TSEs scrapie immunohistochemistry lymphoid tissue visualization systems

Scrapie, a transmissible spongiform encephalopathy (TSE) that naturally affects sheep and goats, is characterized by PrP^sc accumulation mainly in the central nervous system (CNS) and the lymphoreticular system (LRS). Because no immune response against TSE's infectious agent is developed in the infected host, the diagnosis of this disease is based on detection of compatible clinical signs followed by application of histopathological and immunochemical methods on neural tissue samples used for confirmation (i.e., postmortem diagnosis; OIE Manual of Standards for Diagnostic Tests and Vaccines). Therefore, the long incubation period between infection and the onset of the clinical signs of scrapie involves a possible source of transmission of the infection to other animals (associated with preclinically infected animals). This fact, together with the recently determined linkage between variant Creutzfeldt-Jakob Disease (v-CJD) and bovine spongiform encephalopathy (BSE; Bruce et al. 1997; Hill et al. 1997), highlights the urgent need to find a method of preclinical diagnosis of TSEs as a whole and for control and eradication of scrapie in sheep.

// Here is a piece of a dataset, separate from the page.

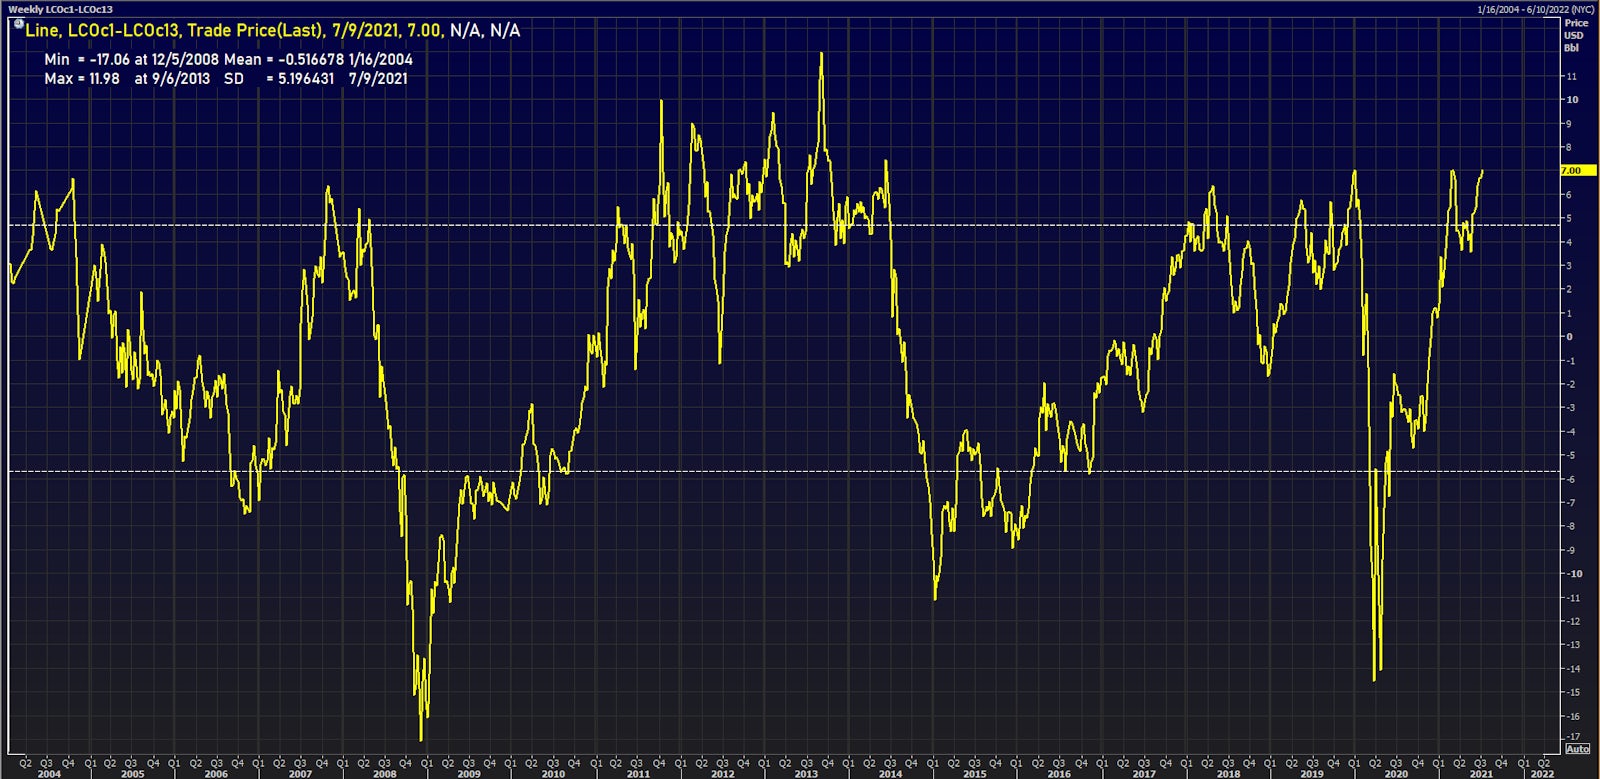 Brent Crude 1-Year Calendar Spread Showing Deepening Backwardation This Week | Source: Refinitiv

The detection of PrP^sc in the LRS (Ikegami et al. 1991; van Keulen et al. 1996) has caused this tissue to become an interesting target for diagnostic goals. Specifically, tonsil (Schreuder et al. 1996) and nictitating membrane (O'Rourke et al. 1998a,b) biopsies are the two most widely investigated options.

In this sense, both methods are a practical screen for early detection of PrP^sc in living affected sheep (Kim et al. 2001) because of their capability to detect scrapie infection in lymphoid tissue even before symptoms occur (Schreuder et al. 1998; Miller et al. 1993; Muramatsu et al. 1994). However, a subset of sheep with scrapie in several previous studies have shown accumulation of PrP^sc in CNS tissue but not in lymphoid tissue (van Keulen et al. 1996; O'Rourke et al. 2000). This result stresses the fact that a PrP^sc-negative tonsil or third eyelid biopsy does not indicate that an animal is free of infection. The most widely accepted explanation for this is that the replication dynamics of the scrapie agent may be influenced by different variables such as stress, management practices, or husbandry, with the genotypic differences in the host being the most influencing variable (Jeffrey et al. 2001b). Nevertheless, to our knowledge, whether or not the enhancement of the sensitivity of conventional IHC approaches makes possible the detection of PrP^sc in the lymphoid system of the total number of positive cases has not been yet investigated. Further studies in this field should therefore be carried out.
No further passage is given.